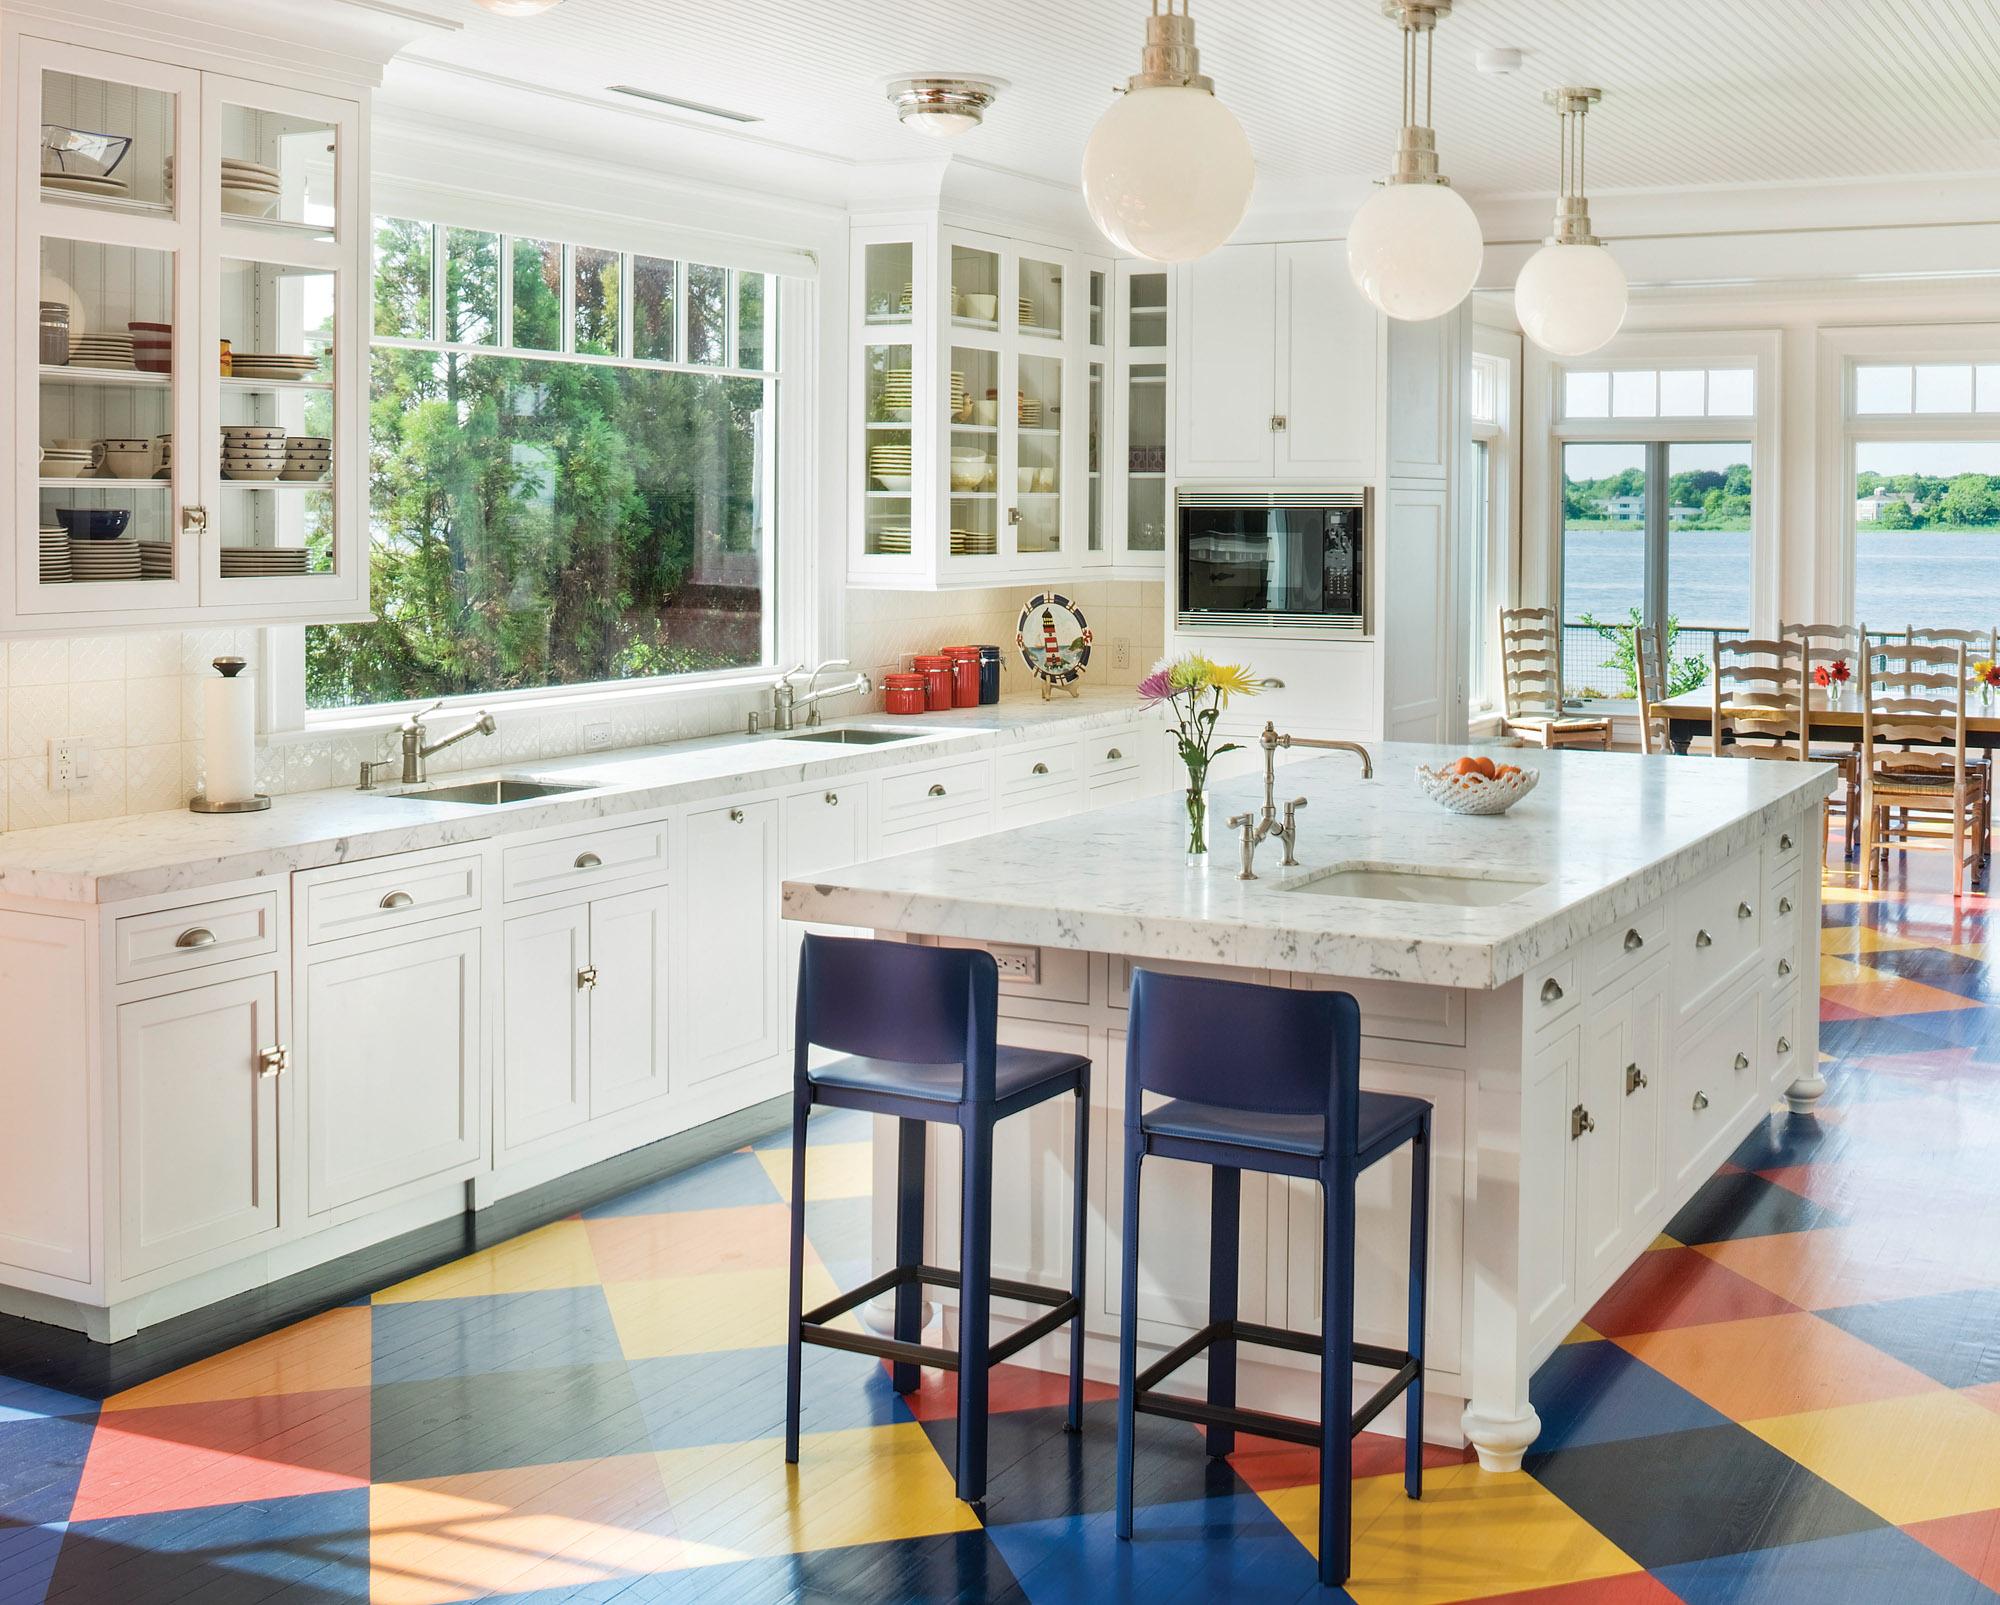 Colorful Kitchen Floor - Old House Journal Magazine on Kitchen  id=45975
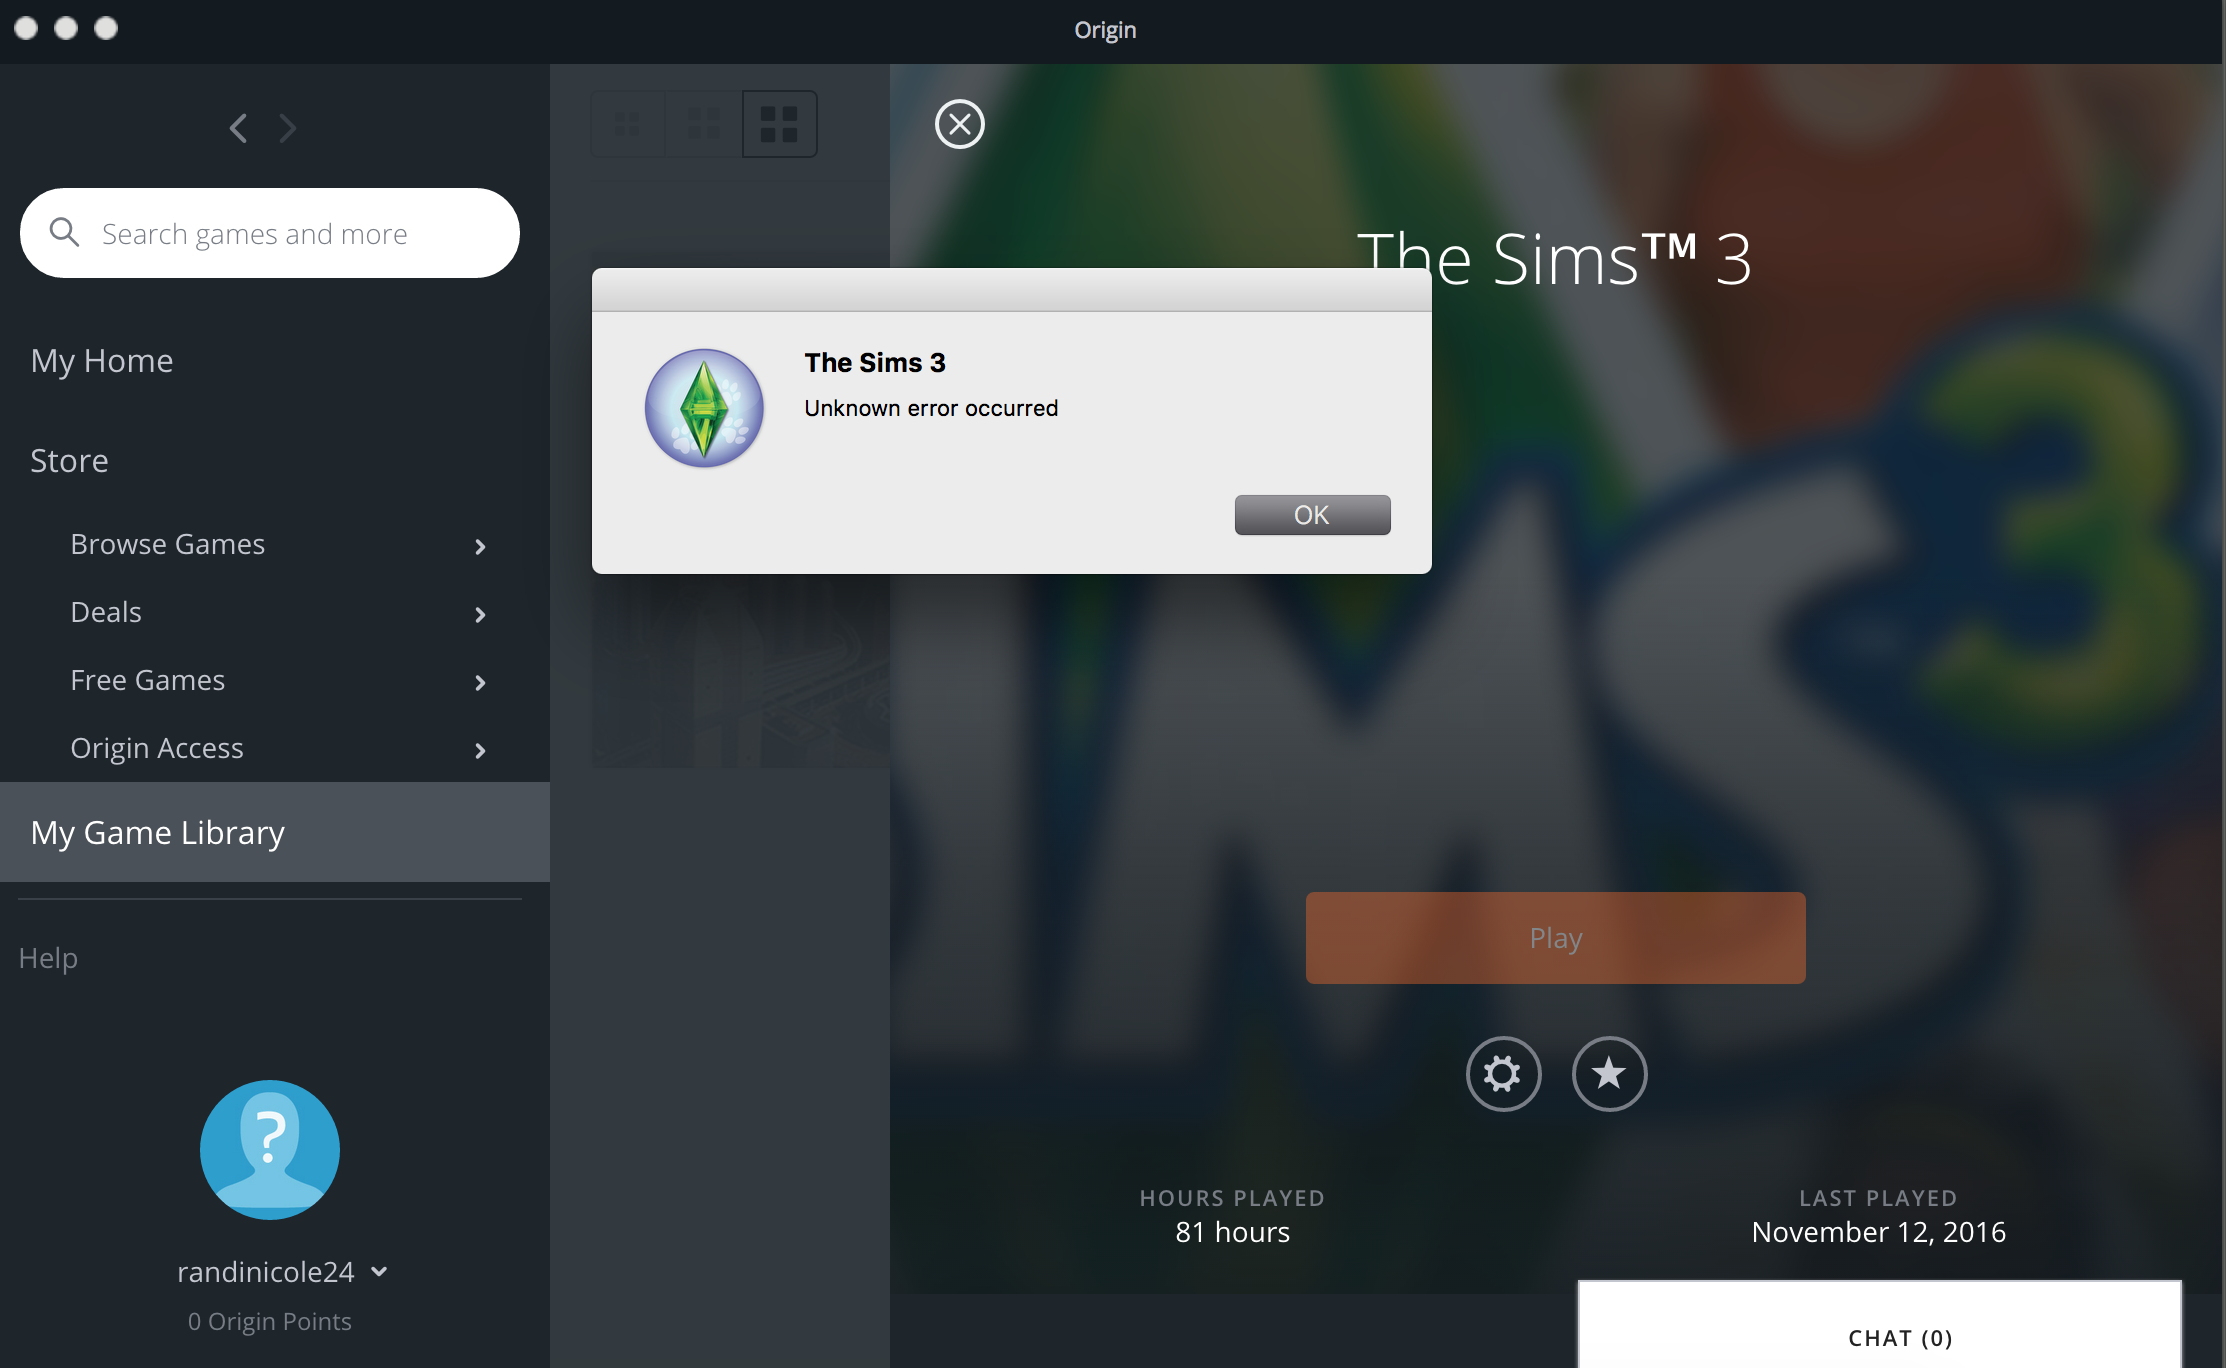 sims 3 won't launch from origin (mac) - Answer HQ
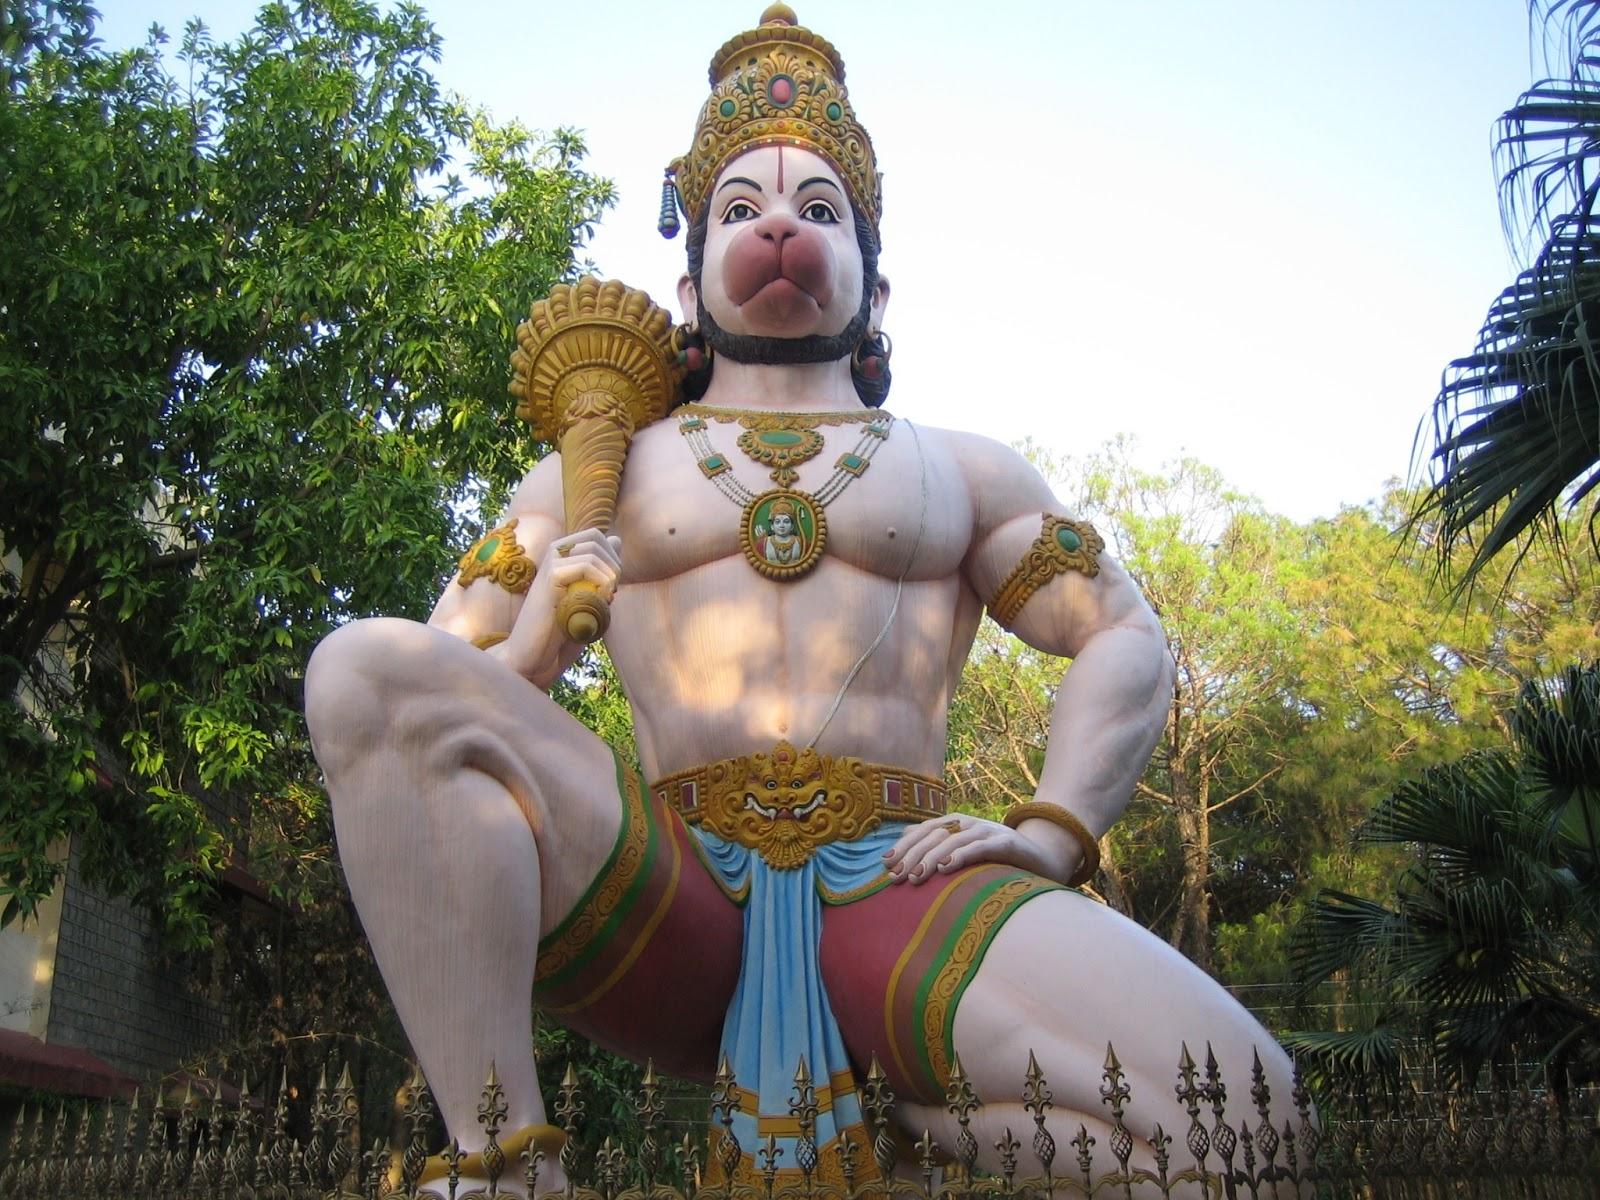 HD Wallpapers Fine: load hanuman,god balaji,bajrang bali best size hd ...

### TASK REQUIREMENTS
Exactly the lines from the one with "sims 3 won't" to the last line of the listing are wanted, both ends included and pictures excluded.

### WORKED SOLUTION
 sims 3 won't launch from origin (mac) - Answer HQ
 HD Wallpapers Fine: load hanuman,god balaji,bajrang bali best size hd ...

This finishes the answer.